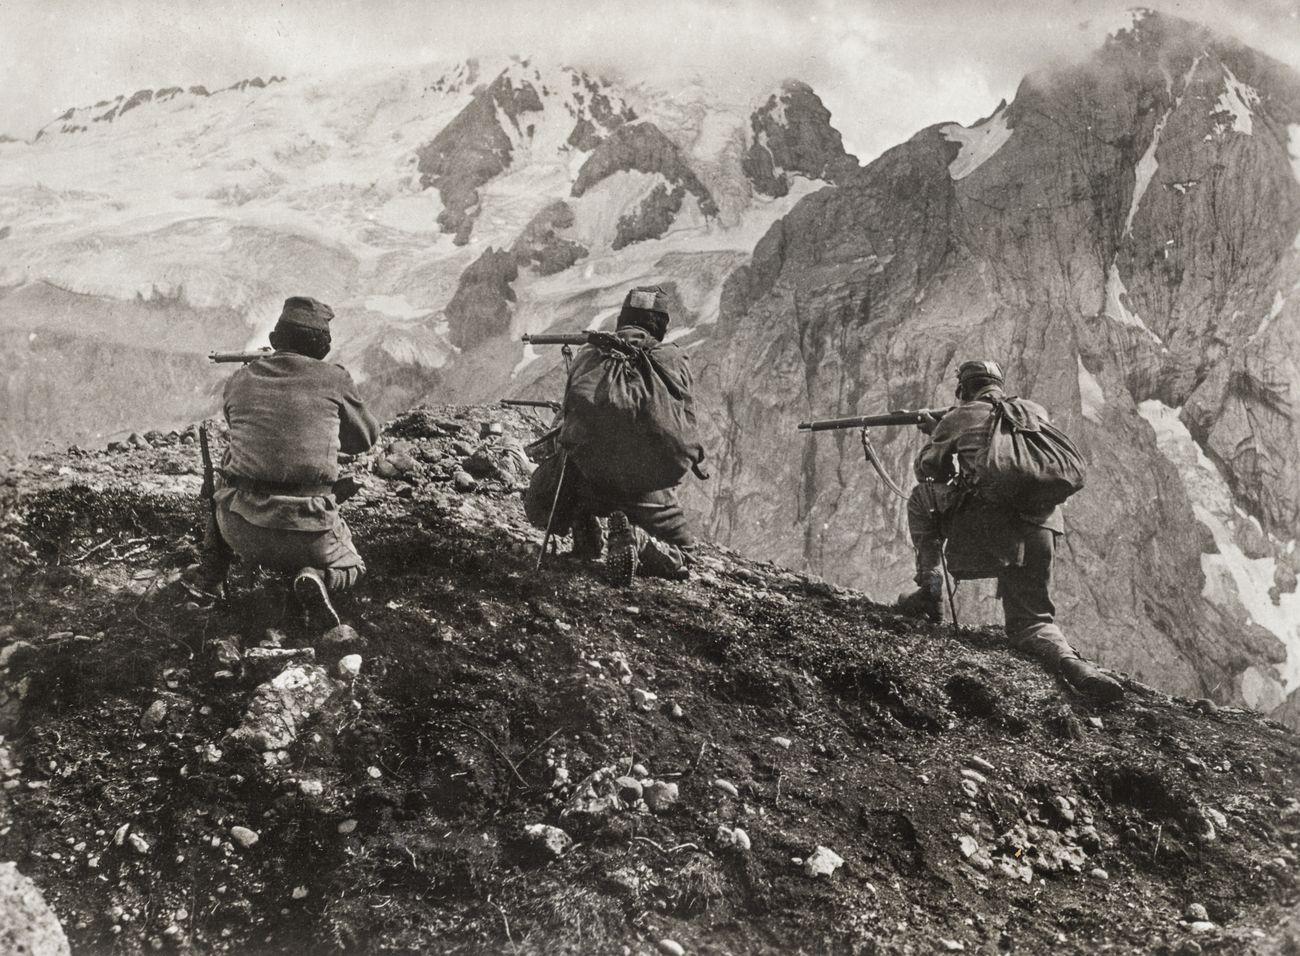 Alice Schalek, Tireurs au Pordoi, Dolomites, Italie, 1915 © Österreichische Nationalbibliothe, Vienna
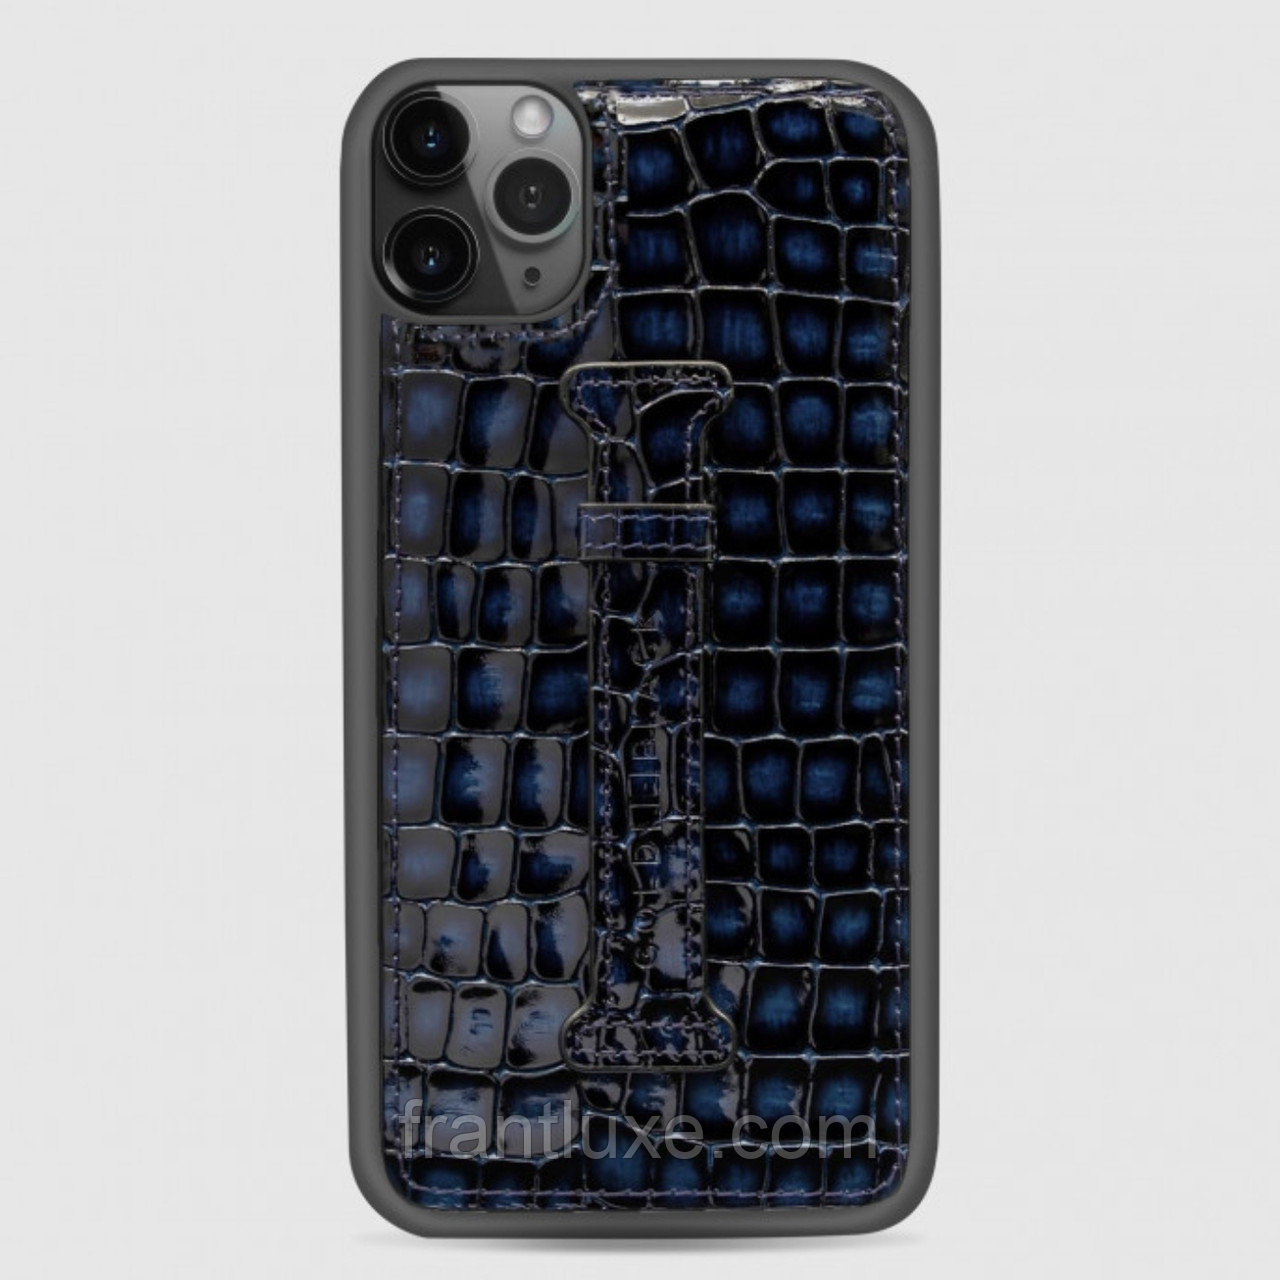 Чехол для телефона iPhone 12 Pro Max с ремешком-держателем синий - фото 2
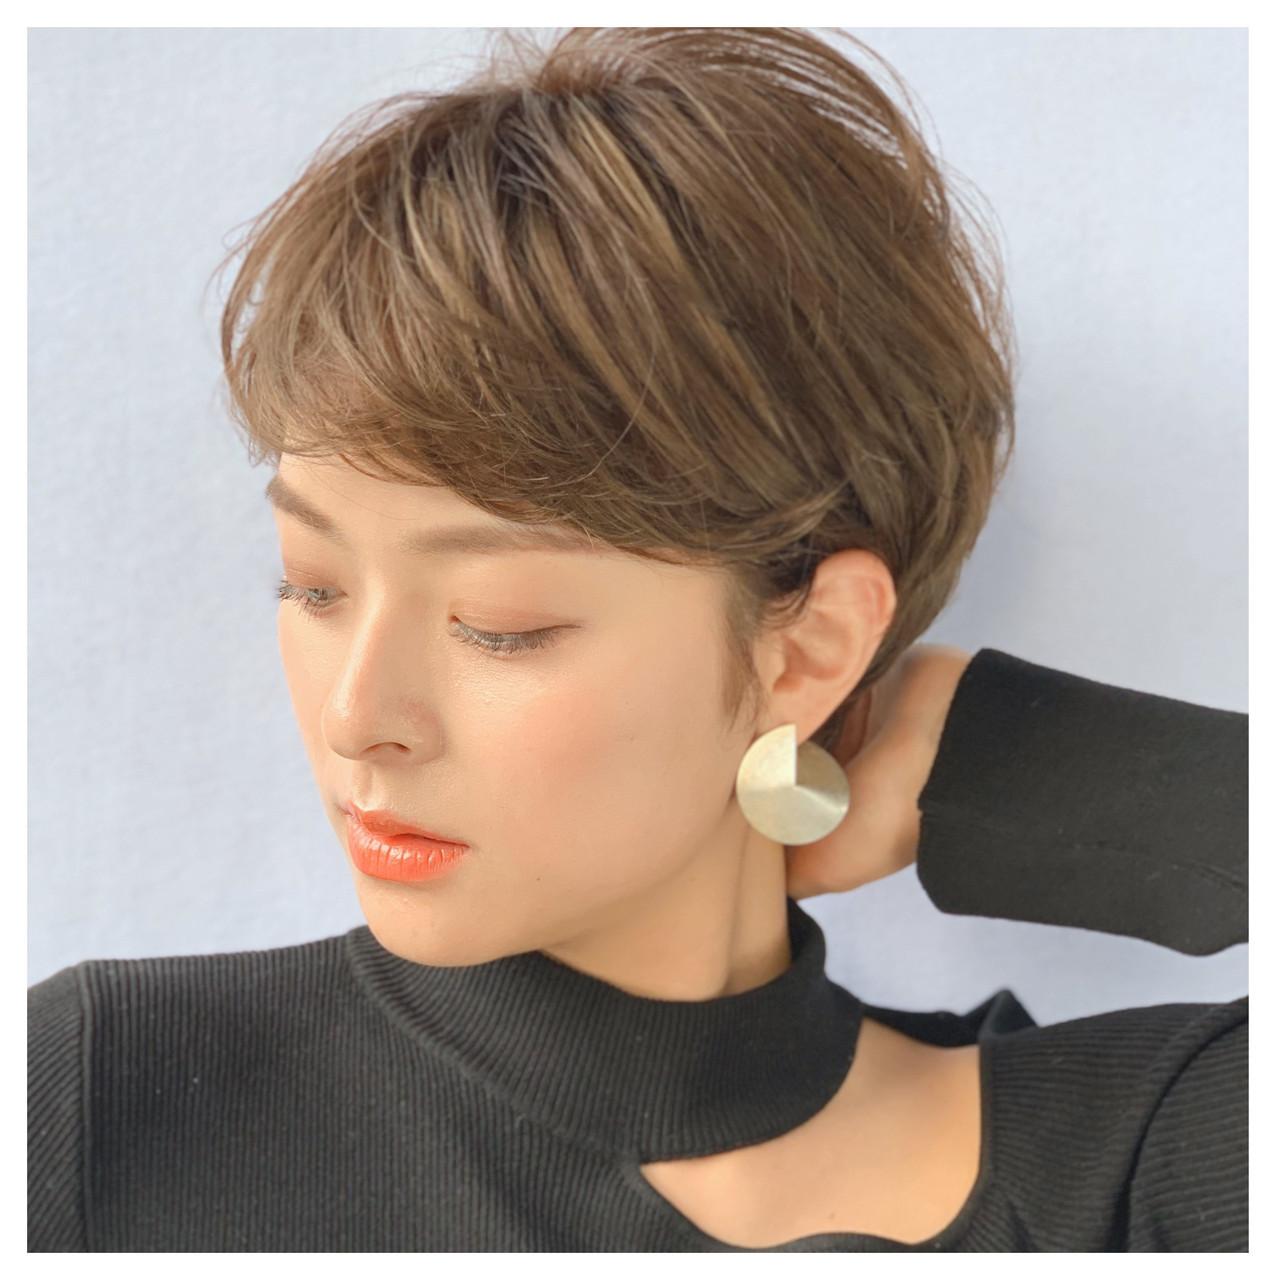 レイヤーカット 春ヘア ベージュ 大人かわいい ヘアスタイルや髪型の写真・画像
□ □ □ □ □
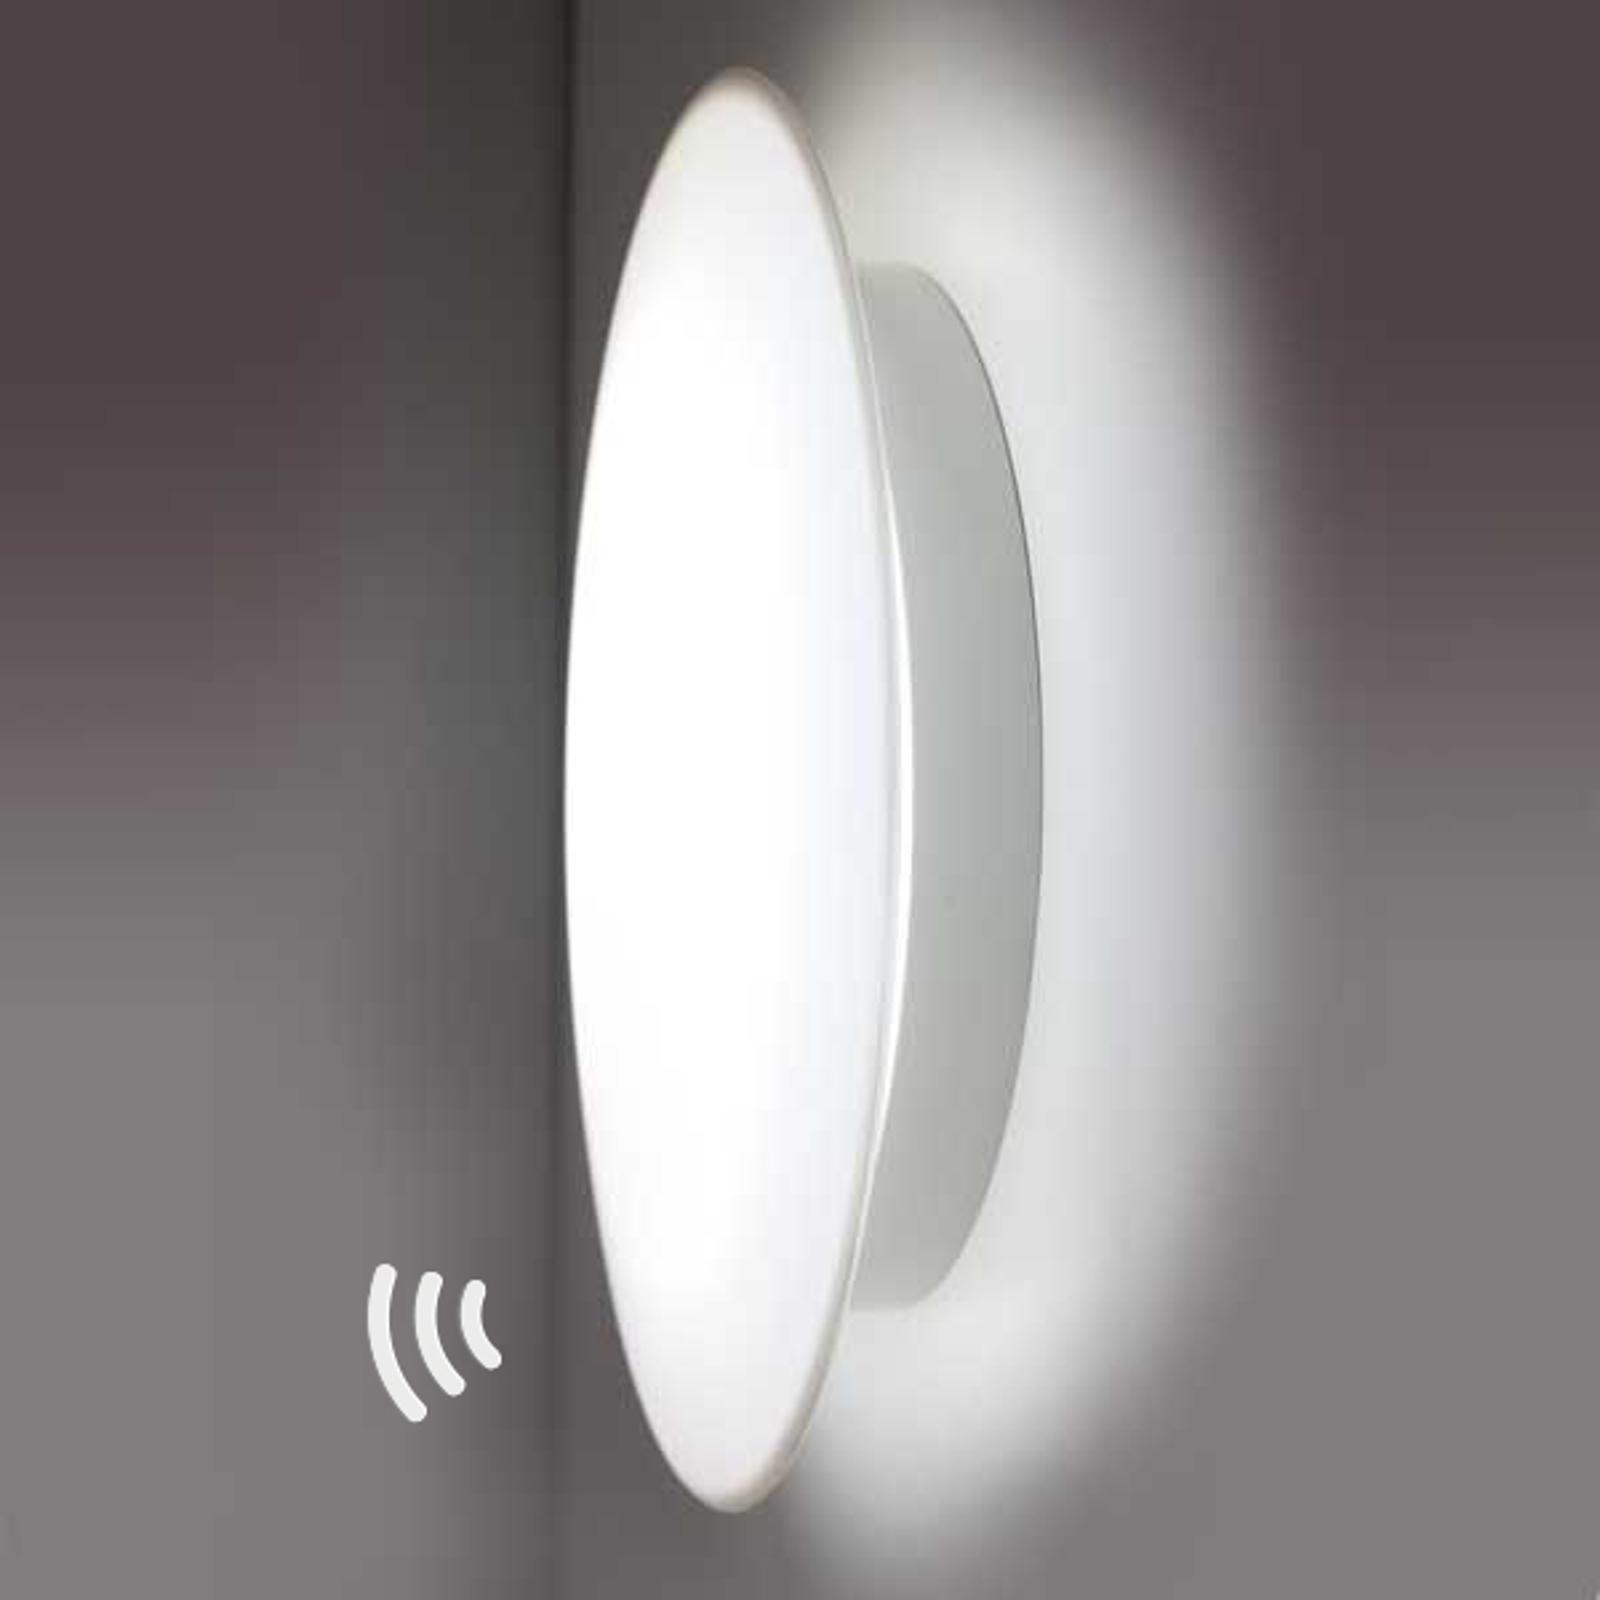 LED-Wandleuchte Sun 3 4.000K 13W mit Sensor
□ □ □ □ □
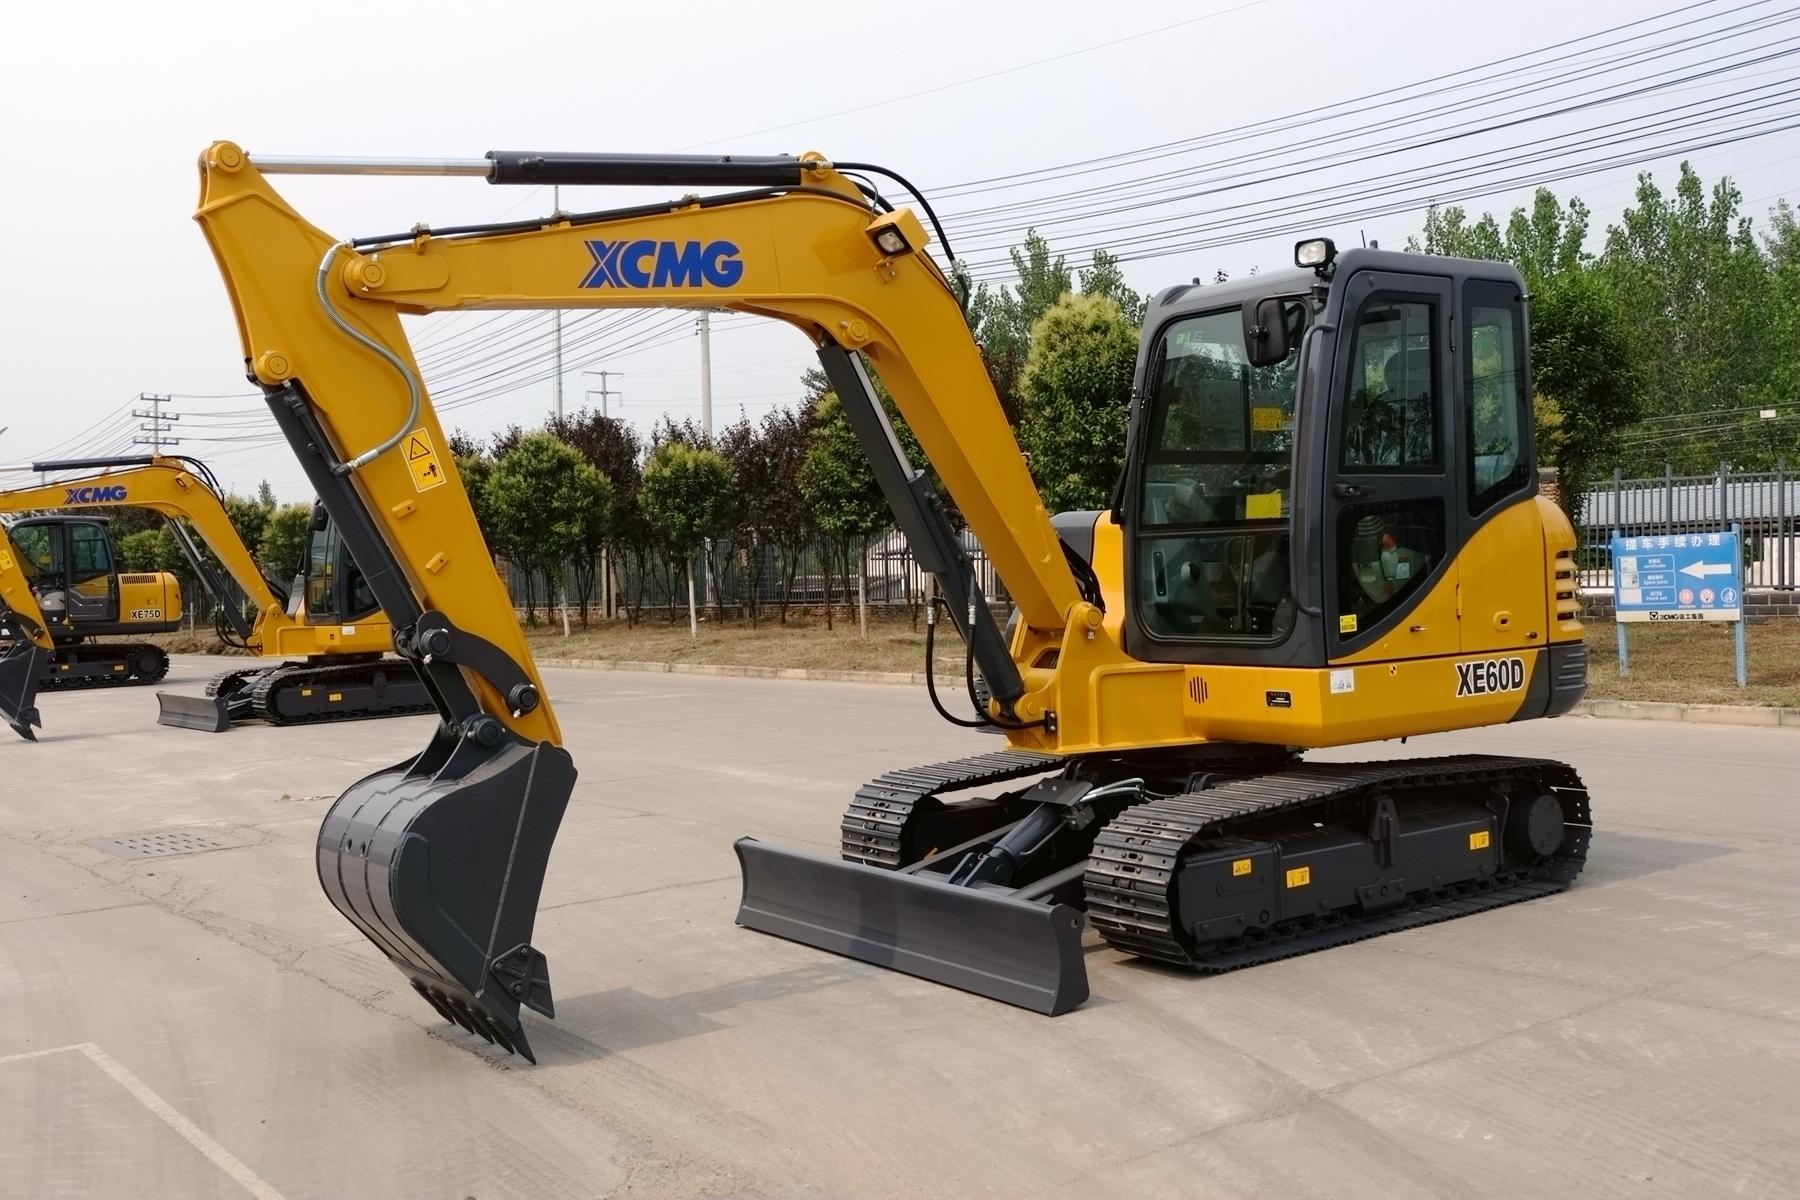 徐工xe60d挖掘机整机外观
□ □ □ □ □
What you should do: Give the lines above again exactly, from the one containing "Чехол для телефона" to the one containing "レイヤーカット 春ヘア ベージュ 大人かわいい ヘアスタイルや髪型の写真・画像", both included, but leave out the pictures.

Solution to this task:
 Чехол для телефона iPhone 12 Pro Max с ремешком-держателем синий - фото 2
 レイヤーカット 春ヘア ベージュ 大人かわいい ヘアスタイルや髪型の写真・画像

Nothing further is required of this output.